Within the data beneath, some lines may hold the word "Pink". Give the number of those lines and nothing else.

START Material for the task

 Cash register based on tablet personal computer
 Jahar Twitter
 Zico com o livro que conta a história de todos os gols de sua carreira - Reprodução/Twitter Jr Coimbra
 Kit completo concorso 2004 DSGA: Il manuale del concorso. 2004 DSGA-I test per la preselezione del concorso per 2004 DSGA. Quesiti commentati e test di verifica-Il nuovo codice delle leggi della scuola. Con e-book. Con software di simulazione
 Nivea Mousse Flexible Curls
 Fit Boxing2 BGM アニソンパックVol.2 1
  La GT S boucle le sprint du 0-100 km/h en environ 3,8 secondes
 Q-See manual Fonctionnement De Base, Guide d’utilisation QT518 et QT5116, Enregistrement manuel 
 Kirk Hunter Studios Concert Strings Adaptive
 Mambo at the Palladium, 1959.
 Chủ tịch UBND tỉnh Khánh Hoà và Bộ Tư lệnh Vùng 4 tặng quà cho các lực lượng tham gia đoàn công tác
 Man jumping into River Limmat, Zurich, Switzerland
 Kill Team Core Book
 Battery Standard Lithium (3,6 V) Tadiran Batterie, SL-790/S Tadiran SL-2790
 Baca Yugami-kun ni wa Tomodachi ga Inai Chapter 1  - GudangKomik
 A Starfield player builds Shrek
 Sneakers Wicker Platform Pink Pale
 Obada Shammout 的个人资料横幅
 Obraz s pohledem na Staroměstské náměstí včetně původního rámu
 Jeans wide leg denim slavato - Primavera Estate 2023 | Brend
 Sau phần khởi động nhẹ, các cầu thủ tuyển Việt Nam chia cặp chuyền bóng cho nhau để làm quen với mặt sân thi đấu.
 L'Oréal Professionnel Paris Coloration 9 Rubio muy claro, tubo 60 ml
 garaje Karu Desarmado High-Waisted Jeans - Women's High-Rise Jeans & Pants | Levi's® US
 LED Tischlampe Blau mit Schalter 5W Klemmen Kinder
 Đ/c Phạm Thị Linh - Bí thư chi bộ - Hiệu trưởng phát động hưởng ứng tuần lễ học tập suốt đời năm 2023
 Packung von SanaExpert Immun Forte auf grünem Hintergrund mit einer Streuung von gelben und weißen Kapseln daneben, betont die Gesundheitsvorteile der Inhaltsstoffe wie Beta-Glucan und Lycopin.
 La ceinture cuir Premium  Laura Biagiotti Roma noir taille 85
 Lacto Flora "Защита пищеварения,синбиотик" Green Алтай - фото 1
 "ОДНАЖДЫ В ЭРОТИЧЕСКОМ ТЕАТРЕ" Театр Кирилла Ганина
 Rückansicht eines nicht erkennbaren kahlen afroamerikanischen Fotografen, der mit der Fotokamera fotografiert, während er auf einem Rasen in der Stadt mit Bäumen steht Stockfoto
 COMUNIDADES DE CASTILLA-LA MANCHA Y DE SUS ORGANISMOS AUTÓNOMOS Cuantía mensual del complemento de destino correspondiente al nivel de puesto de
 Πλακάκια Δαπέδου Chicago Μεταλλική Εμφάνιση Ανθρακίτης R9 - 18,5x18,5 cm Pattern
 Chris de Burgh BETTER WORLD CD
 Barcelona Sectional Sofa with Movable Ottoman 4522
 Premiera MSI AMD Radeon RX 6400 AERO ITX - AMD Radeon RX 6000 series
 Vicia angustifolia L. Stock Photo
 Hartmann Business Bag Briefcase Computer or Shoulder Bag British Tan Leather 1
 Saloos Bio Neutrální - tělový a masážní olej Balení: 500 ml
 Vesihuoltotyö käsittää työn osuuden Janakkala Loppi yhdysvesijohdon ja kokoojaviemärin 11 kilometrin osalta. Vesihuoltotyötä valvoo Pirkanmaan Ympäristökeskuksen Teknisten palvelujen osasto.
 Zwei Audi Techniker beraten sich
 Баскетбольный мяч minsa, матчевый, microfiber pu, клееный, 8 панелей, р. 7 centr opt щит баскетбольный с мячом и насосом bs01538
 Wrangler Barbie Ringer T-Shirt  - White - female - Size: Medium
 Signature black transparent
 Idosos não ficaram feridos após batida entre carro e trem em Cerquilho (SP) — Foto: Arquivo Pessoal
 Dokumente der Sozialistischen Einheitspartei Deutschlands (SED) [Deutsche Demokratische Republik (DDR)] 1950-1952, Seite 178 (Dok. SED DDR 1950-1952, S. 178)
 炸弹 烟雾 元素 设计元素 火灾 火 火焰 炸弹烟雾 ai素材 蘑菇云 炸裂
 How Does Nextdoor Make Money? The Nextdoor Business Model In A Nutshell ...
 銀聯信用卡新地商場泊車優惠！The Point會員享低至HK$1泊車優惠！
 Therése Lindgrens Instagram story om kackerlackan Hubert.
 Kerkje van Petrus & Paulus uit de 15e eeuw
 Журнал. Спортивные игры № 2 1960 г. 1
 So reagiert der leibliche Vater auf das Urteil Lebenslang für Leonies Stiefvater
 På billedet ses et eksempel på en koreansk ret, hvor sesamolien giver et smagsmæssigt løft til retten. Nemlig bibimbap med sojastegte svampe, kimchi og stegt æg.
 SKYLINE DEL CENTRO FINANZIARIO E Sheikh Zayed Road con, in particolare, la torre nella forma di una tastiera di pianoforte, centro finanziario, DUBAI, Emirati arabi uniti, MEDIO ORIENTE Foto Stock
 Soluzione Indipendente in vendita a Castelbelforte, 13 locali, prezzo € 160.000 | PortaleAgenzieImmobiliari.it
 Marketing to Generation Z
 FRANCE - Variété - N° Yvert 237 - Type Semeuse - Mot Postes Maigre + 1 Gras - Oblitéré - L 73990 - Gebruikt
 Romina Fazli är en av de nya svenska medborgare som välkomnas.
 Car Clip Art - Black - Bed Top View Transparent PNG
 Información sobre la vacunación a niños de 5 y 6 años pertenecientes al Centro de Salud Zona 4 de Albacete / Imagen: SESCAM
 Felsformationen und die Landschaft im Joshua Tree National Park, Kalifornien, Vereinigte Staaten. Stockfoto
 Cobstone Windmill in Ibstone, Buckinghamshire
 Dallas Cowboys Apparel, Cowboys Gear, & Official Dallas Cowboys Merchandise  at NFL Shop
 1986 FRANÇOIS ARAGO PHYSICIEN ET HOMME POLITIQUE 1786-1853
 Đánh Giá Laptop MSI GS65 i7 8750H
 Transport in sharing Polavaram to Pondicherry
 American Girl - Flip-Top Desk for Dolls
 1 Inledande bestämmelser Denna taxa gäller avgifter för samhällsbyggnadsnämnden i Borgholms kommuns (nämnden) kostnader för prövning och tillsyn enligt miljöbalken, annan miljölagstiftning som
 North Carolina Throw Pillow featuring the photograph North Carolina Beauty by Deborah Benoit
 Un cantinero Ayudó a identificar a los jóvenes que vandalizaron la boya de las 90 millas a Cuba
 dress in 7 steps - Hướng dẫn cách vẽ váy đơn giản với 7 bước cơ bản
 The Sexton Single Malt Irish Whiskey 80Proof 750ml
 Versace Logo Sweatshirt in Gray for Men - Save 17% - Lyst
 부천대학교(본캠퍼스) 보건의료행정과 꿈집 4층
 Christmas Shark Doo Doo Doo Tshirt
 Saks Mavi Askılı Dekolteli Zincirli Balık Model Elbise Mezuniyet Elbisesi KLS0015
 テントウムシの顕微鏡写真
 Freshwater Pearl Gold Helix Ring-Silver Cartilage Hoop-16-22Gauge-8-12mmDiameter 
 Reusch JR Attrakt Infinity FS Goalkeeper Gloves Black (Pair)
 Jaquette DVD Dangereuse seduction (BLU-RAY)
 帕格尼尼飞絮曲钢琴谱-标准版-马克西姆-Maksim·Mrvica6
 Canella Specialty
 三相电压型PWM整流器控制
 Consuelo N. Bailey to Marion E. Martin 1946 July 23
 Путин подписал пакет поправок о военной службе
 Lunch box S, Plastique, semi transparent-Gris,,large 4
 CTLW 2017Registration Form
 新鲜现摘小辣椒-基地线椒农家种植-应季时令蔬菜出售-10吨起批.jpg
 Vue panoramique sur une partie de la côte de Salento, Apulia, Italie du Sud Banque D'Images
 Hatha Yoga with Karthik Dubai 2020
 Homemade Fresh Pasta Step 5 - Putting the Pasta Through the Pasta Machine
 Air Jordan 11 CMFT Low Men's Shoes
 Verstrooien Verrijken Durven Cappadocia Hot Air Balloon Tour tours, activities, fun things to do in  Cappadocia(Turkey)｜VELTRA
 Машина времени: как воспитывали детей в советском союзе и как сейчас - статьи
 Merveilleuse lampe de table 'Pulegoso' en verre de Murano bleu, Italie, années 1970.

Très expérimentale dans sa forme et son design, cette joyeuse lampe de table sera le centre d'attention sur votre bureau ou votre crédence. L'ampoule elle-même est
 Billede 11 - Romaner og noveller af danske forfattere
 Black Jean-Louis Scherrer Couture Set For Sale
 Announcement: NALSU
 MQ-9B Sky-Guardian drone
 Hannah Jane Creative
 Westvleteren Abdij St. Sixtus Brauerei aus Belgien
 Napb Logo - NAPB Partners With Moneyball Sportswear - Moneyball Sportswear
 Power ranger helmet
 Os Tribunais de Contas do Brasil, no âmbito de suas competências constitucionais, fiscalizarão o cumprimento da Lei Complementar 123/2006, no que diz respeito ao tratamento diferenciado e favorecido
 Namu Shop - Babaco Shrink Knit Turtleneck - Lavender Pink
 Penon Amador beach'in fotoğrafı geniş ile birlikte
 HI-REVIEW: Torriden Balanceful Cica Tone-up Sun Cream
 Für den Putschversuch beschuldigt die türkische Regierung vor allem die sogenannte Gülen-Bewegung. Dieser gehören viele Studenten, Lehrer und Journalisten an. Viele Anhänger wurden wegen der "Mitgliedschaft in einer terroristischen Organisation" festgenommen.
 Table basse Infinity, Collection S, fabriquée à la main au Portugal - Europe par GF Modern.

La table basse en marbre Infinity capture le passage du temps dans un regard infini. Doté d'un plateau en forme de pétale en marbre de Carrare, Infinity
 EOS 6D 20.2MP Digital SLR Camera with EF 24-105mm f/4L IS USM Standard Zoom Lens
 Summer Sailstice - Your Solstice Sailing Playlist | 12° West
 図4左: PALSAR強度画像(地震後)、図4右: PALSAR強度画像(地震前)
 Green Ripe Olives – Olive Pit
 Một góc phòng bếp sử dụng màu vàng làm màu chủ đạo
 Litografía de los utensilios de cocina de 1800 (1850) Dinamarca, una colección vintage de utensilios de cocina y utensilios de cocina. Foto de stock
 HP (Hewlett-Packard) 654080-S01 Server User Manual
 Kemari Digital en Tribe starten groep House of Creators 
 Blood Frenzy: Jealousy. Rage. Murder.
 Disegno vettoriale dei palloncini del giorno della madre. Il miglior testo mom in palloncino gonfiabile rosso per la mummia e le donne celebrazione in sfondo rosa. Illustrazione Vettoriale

END Material for the task

#### [Output of the task]
2